The Settings tab allows you to configure various aspects of your Qanapi application, including domains and company information.

Configuration

  • Company Name: Update your company name in the Company name field and click Save to apply the changes.

Domains

  • Manage your application's domains under the Domains section.some text
    • Add a Custom Domain: You can add a custom domain by entering the domain name and clicking Save. An SSL certificate will be generated automatically after DNS has been updated, which may take some time.
    • Fallback Subdomain: Change the fallback subdomain for your application if it does not have a custom domain. Be aware that changing this subdomain may affect your users, and you should notify them of any URL changes.

Using Templates

The Templates tab provides pre-configured quickstart templates that help you integrate Qanapi with popular cloud services.

Quickstart Templates

  • The templates page offers various integration templates, such as Atlassian Confluence, Jira, Monday.com, Workday, Asana, Stripe, Salesforce, and more.
  • Select a template by clicking Start building next to the desired service.

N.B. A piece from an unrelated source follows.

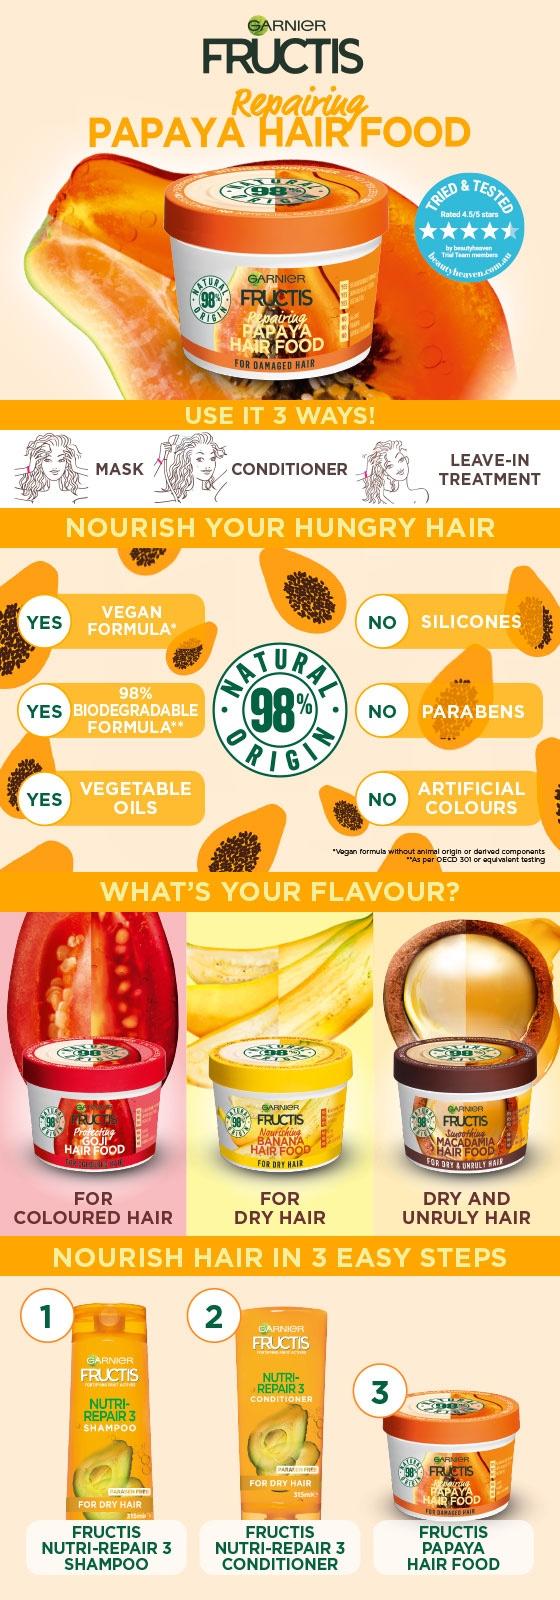 Garnier Fructis Repairing Papaya Hair Food

Getting Started with a Template

  • Click on Get started at the top of the templates page to begin the integration process using Qanapi's proprietary AI model. This model generates secure, compliant code to integrate encryption and security services into your applications quickly and easily.

My Account

Accessing My Account

To manage your personal account settings in Qanapi:

Navigate to My Account

  • Click on your username in the top-right corner of the Qanapi dashboard.
  • From the drop-down menu, select Profile to access your account settings.

Personal Information

The My Account page allows you to update your personal information and manage your password.

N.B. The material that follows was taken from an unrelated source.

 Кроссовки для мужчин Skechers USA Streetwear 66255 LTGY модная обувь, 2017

Updating Personal Information

  • Name: Your name is displayed in the "Name" field. You can update it as needed.
  • Email Address: Your email address is displayed in the "Email address" field. If you need to change your email, update the field and click Save to apply the changes.

Password Management

Changing Your Password

  • Current Password: Your current password is required to make any changes.
  • New Password: Enter a new password in the "New password" field.
  • Confirm Password: Re-enter the new password to confirm.

Click Save to apply the changes to your password.